'D'apres Caspar David Friedrich'. Photo: Carlo Chiopris

Sunday 23 January 2011

Paradox - a poetic device

"We are dealing here with a poetry that presents the concrete experience of human beings living in their time. The essence of such an experience and its poetic transcription is the sacral reality that lies beyond the duration of nature and history. This experience is signalled ... by the intervention of visual elements, by the use of parallelism and paradox. Paradox appears in Jawien's (KW's) earlier texts, but only in 'Considerations on Death' has it been given the main role. The structure of the poem is supported by paradox. The theme of death/resurrection and the schema of death leading to life are two of the most important paradoxes in Christianity. Semantic figures based on antithesis (include): 'maturity, descending into the hidden essence', 'passing is also gathering'; 'the dying world reveals its life anew';'the body of my soul and the soul of my body are united again'. Words with antithetical meanings are linked in a dialectic tension: maturation/regression, word/silence, body/persistence, death/hope."

from The Poetic Phenomenology of a Religious Man: About the Literary Creativity of Karol Wojtyta By KRZYSZTOF DYBCIAK

poetic phenomenology

"Thus Wojtyła's literary writings can be regarded as poetic phenomenology which gives an account of the process and essence of religious experience." Krzysztof Dybciak
Read the whole of this very illuminating afterword about KW's place in literary history (from p281)

Thursday 20 January 2011

Profile - a Poetic Device

Profile = a sudden revelation of a person. For the Polish poet Cyprian Norwid (a poetic influence on KW), profile was a manifestation of God, for we can't see our Creator face-to-face. 'Beauty, like lightening, illuminates the many profiles of God' (1982:14). In KW's Cyrenean cycle, the Son of God is met in profile, not face-to-face. This cycle contains 14 profiles - a car factory worker, a girl disappointed in love, a schizoid etc, and each faces themselves as if for the first time against the cross they have to carry. The last profile in the cycle is the Cyrenean himself. JP notes that there is perhaps an analogy between KW's 14 profiles in the cycle and the 14 stations of the cross (which are usually made in relief), and that the stations, as they follow one another, form a sequence of profiles.

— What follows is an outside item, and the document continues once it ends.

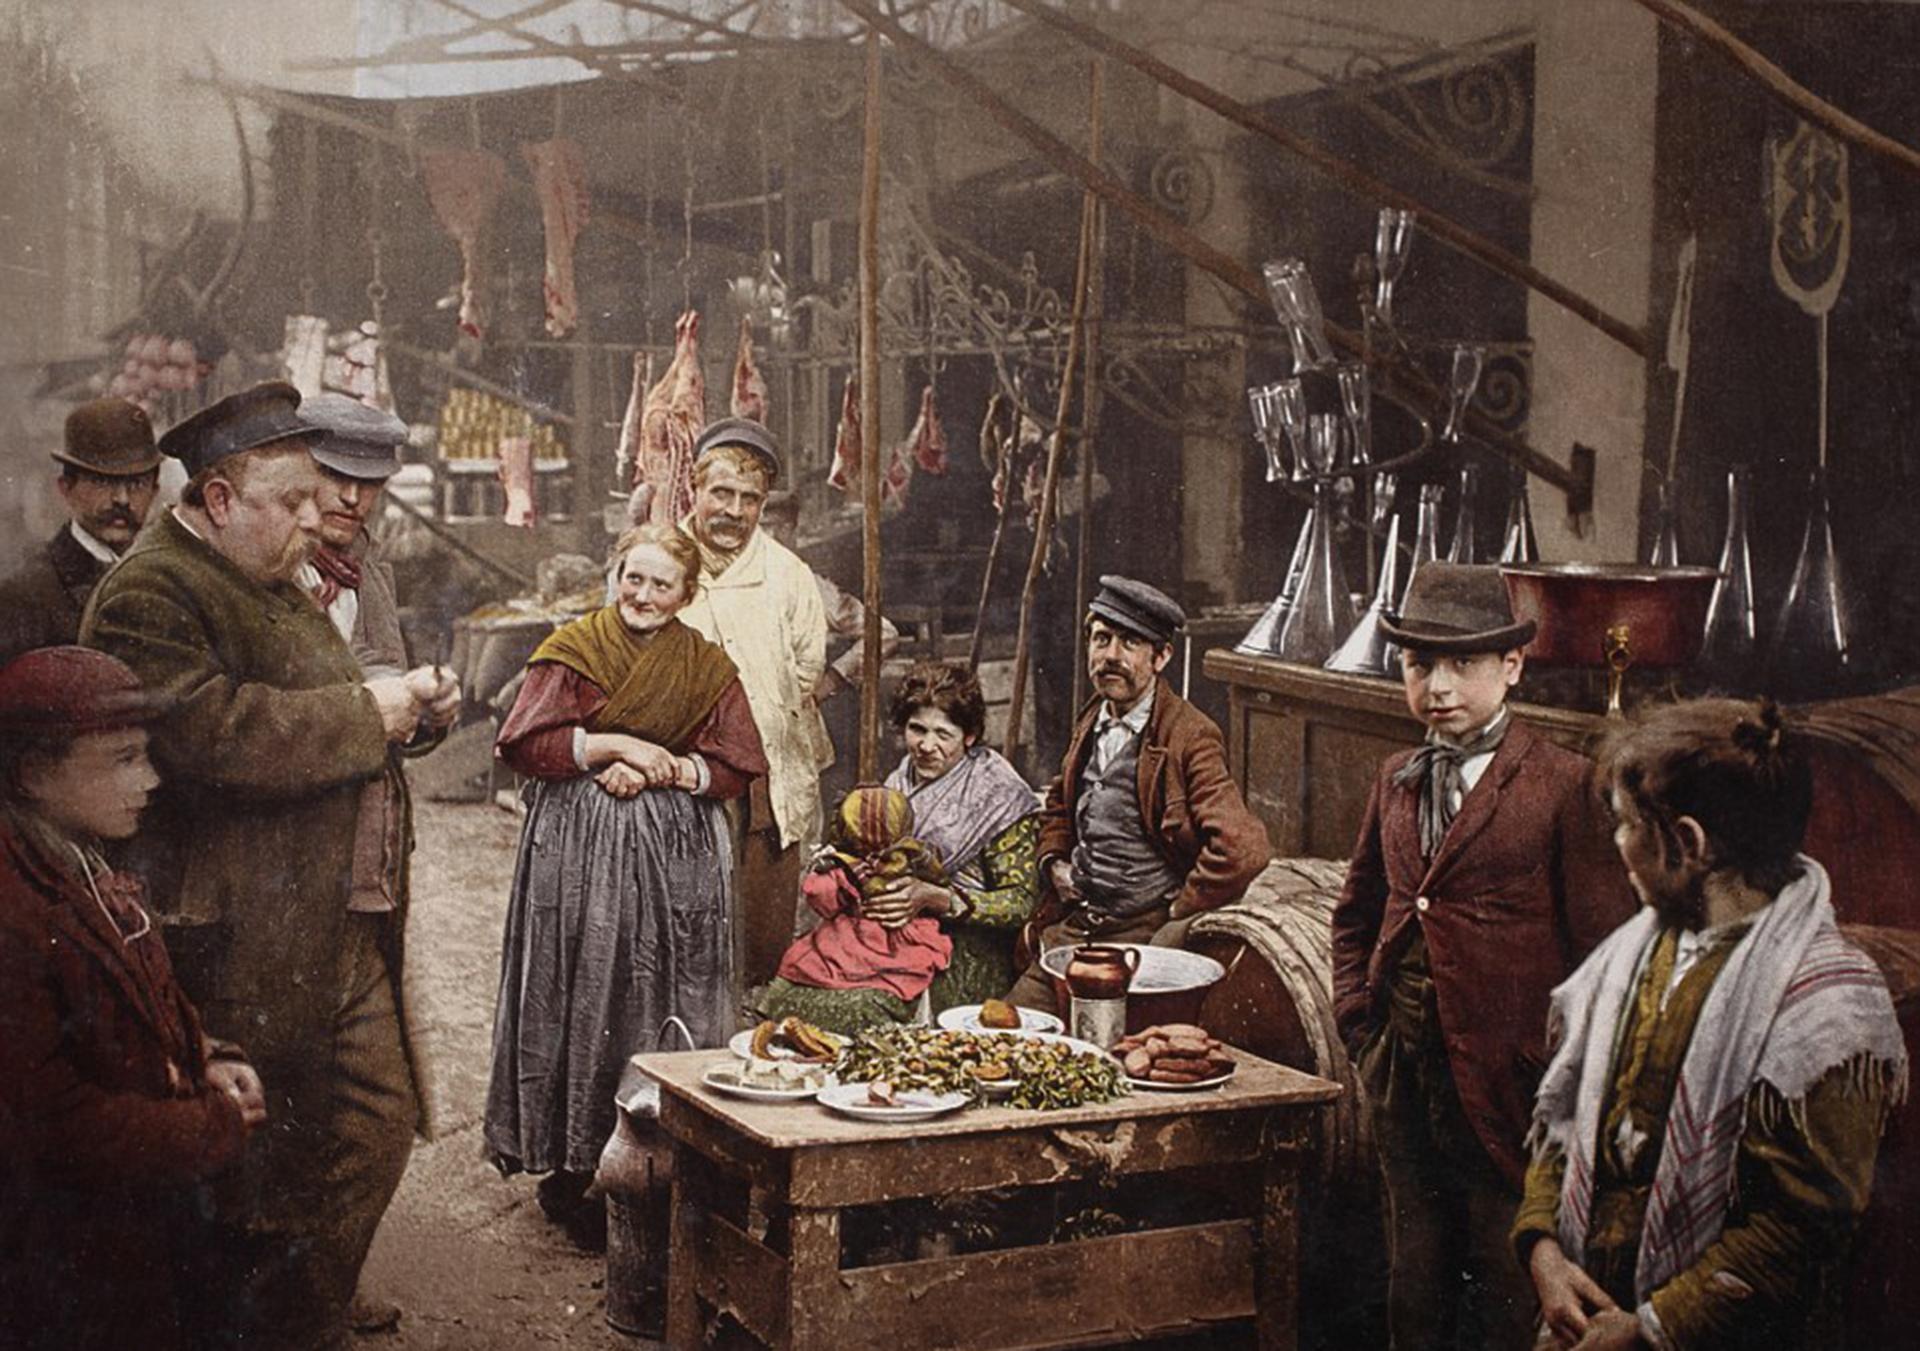 Una de las calles típicas del puerto de Nápoles, Italia. Muestra el comercio, la exposición de carnes, la vida cotidiana y la variedad de vestimentas. La imagen fue tomada en 1899
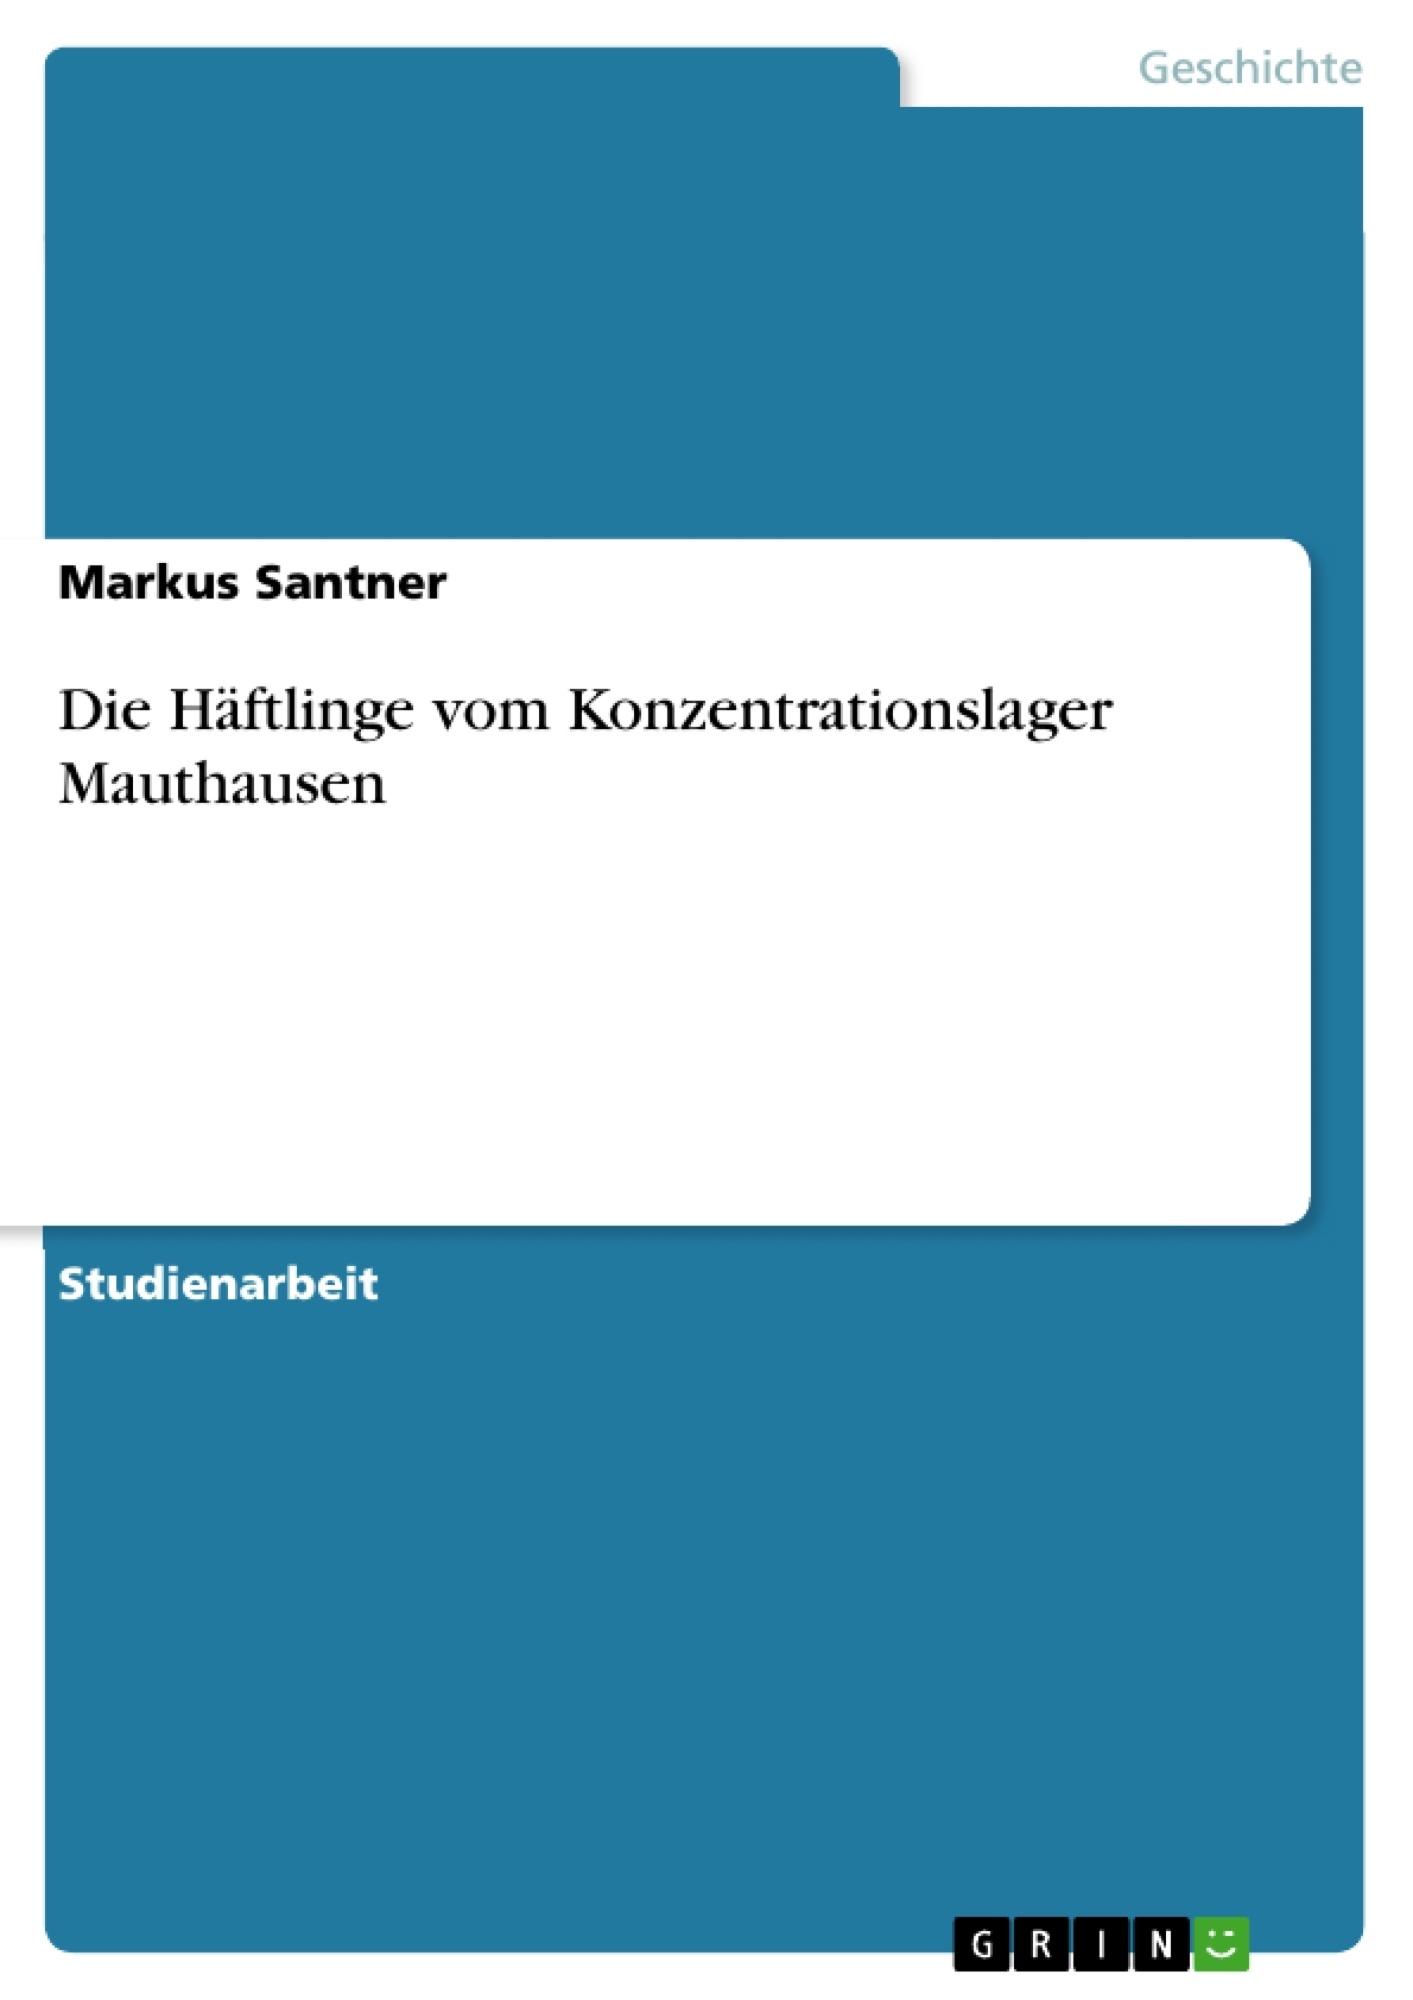 Titel: Die Häftlinge vom Konzentrationslager Mauthausen

Source: Collected Poems 1982, Hutchinson, trans and intro by Jerzy Peterkiewicz

Poetics of Contemplation

the poetics of contemplation

cycles, profiles
reiteration, repetition, reinterpretation, recurring themes, repeating images
thought poised on thought
sudden leaps into paradox, the paradox of negation
inscape
monologue, implied dialogue, speaking through an adopted character, articulating the struggle for self-knowledge, segments of conversation embedded in the text without formal indication they are dialogue, sequences of thought presented as conversations with oneself, inner dialogue implied [ ] –
overlapping questions and answers, double-edged questions
the subject and object uniting, the medium and the message converging
compact phrases, as well as long, long lines . . .
the poetics of contemplation, the frontier of language redefined
an invitation, a welcome, a greeting – please, my love – come inside

Wednesday 12 January 2011

What's in a translation? 1

Man of Emotion

You don't really suffer when love is flooding you:
it's a patch of enthusiasm, pleasant and shallow;
if it dries up—do you think of the void?
Between heart and heart there is always a gap.
You must enter it slowly—
till the eye absorbs color,
the ear tunes to rhythm.

Love and move inward, discover your will,
shed heart's evasions and the mind's harsh control

Official translation Jerzy Peterkiewicz


Man of Emotion

You never tire of the love that constantly floods you
Here is the stain of ardour, a charming and shallow stain
When it dries – do you feel an absence?

There is a space between one heart and another
Into which it takes time to enter
During which sight grows to know the colour and hearing the rhythm

So love as you enter the depths and reach the will
So as not to witness the heart’s escape and thought’s tormenting control!

Translation Karolina Stolarska (2010)

what's in a translation? 2

Girl Disappointed in Love

With mercury we measure pain
as we measure the heat of bodies and air;
but this is not how to discover our limits--
you think you are the center of things.
If you could only grasp that you are not:
the center is He,
and He, too, finds no love---
why don't you see?
The human heart--what is it for?
Cosmic temperature. Heart. Mercury.

Official translation Jerzy Peterkiewicz


Girl Disappointed in Love

Often suffering is measured by the line of mercury
Just like the temperature of air or bodies -
But you need a different gage of its dimensions…
(Yet you’re too much an axis of your own affairs).

If you could grasp that you are not their centre
And that the One who is
Also finds no love
If you could manage to see this

What is the human heart for?

The temperature of the cosmos and the human heart – and mercury.